Transcript
A (0:00)
Hello, and welcome to a free preview of Sharp Tech. Ben, how you doing?
B (0:11)
Doing well. Andrew, how are you?
A (0:13)
I'm doing all right. How are you feeling on the way into the Bucs Thunder cup game on Tuesday night? Do you want to call your shot here?
B (0:20)
Well, I mean, you know, someone's got to be the first to win both the NBA cup, the NBA Finals. So if it needs to be the Bucs, I'm, you know, happy, happy to support that outcome.
A (0:30)
I love to see it. I love that energy out of you. Much better energy than we had to begin the season here. So hopefully Damon Giannis can keep the good times rolling on Tuesday night in Las Vegas. But that's not where we're gonna be today. We're gonna start with quantum computing. Ben, this is gonna be a little bit of a new leaf for us to turn over.
B (0:50)
Yeah, maybe we should talk more about basketball.
A (0:53)
Yeah, let's just dive into hoops for the next hour. Chris says could you take a moment to explain Google's new Willow chip and quantum computing? There seems to be a lot of hype surrounding Google's recent announcement, but I can't make heads or tails of what the real world implications are. And Ben, just to frame this for anyone in the audience who's not familiar with Google's Willow chip or what the announcement was, I'll read a portion of Google's blog post from last week. This is from Hartmut Nevin, who leads the quantum computing team out at Google. Today.
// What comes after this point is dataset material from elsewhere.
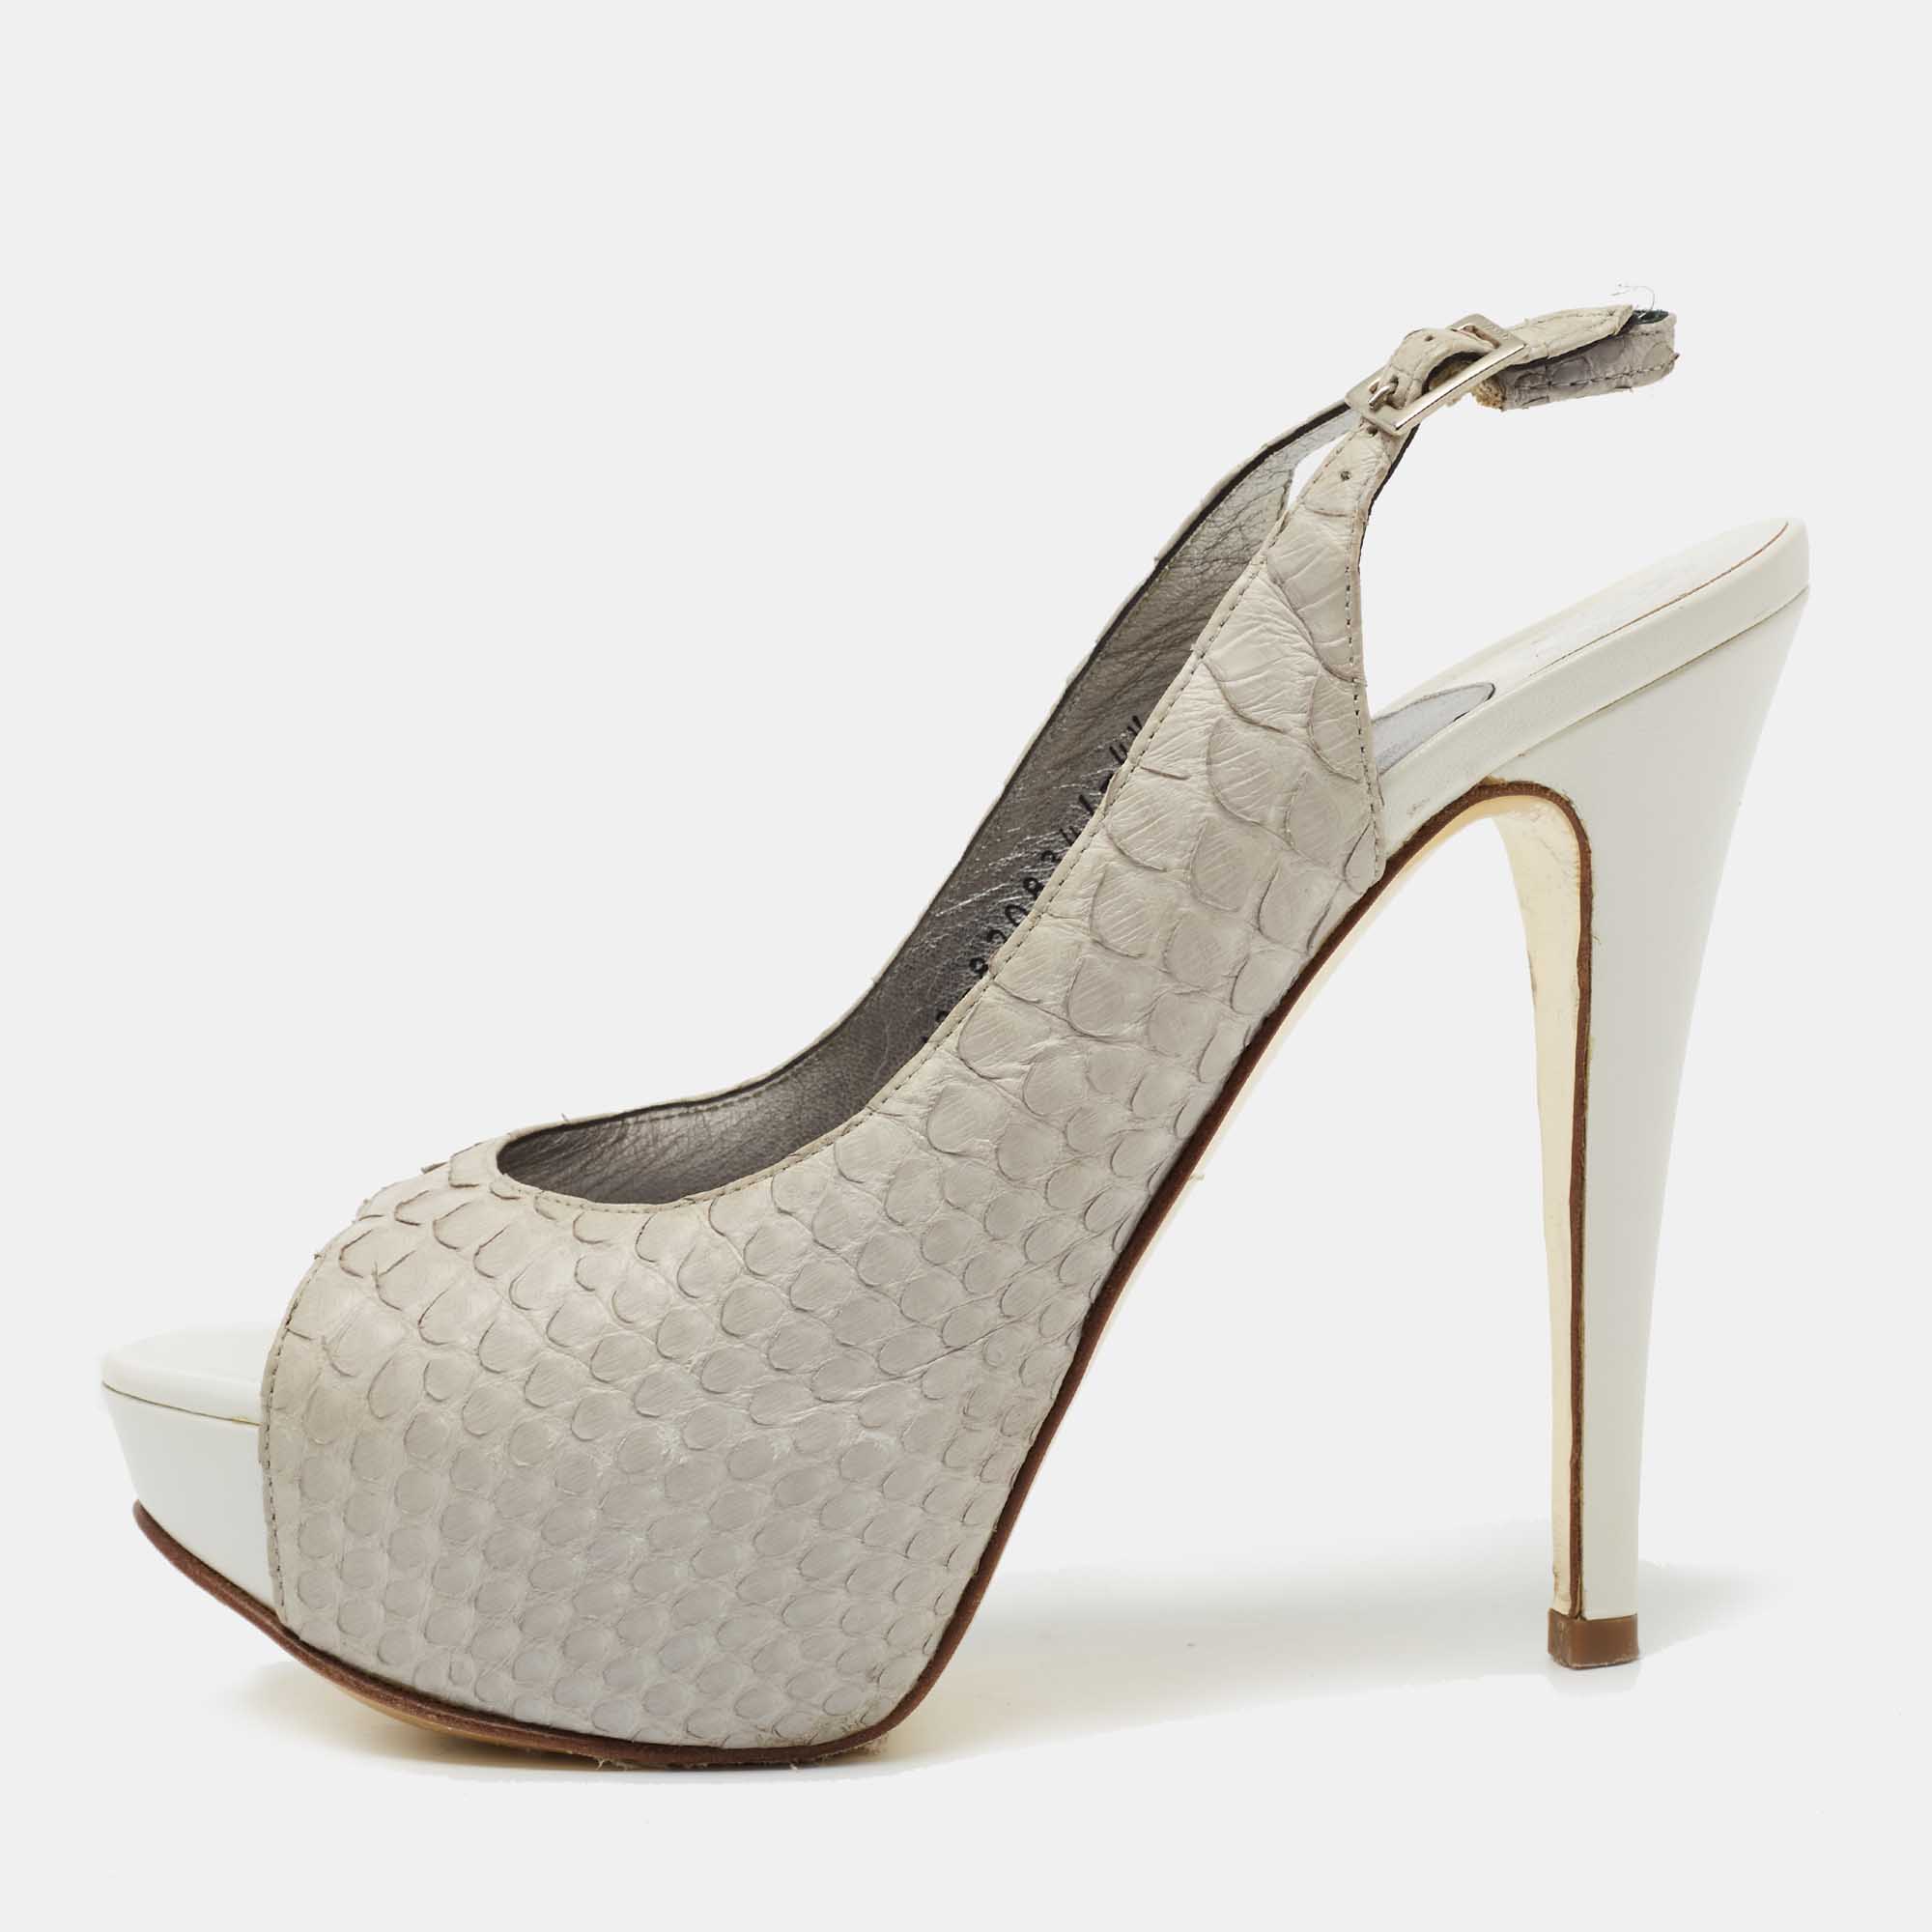 Gina grey python leather peep-toe platform slingback sandals size 37.5

I'm delighted to announce Willow, our latest quantum chip. Willow has state of the art performance across a number of metrics, enabling two major achievements. The first is that Willow can reduce errors exponentially as we scale up using more qubits. This cracks a key challenge in quantum error correction that that the field has pursued for almost 30 years. Second, Willow performed a standard benchmark computation in under five minutes that would take one of today's fastest supercomputers 10 septillion years, a number that vastly exceeds the age of the universe. And then later in the blog post they write, this mind boggling number exceeds known timescales in physics and lends credence to the notion that quantum computation occurs in many parallel universes. In line with the idea that we live in a multiverse, a prediction first made by David Deutsch. So, Ben, what do you think? Are we living in a multiverse here? We can start there.
B (2:35)
That feels like an unnecessary addition. I mean, let's just say up top, we may be better place to be talking about. Q. Bert, this Sort of arcade game from the 80s. That was, that was a favorite of mine, I believe I.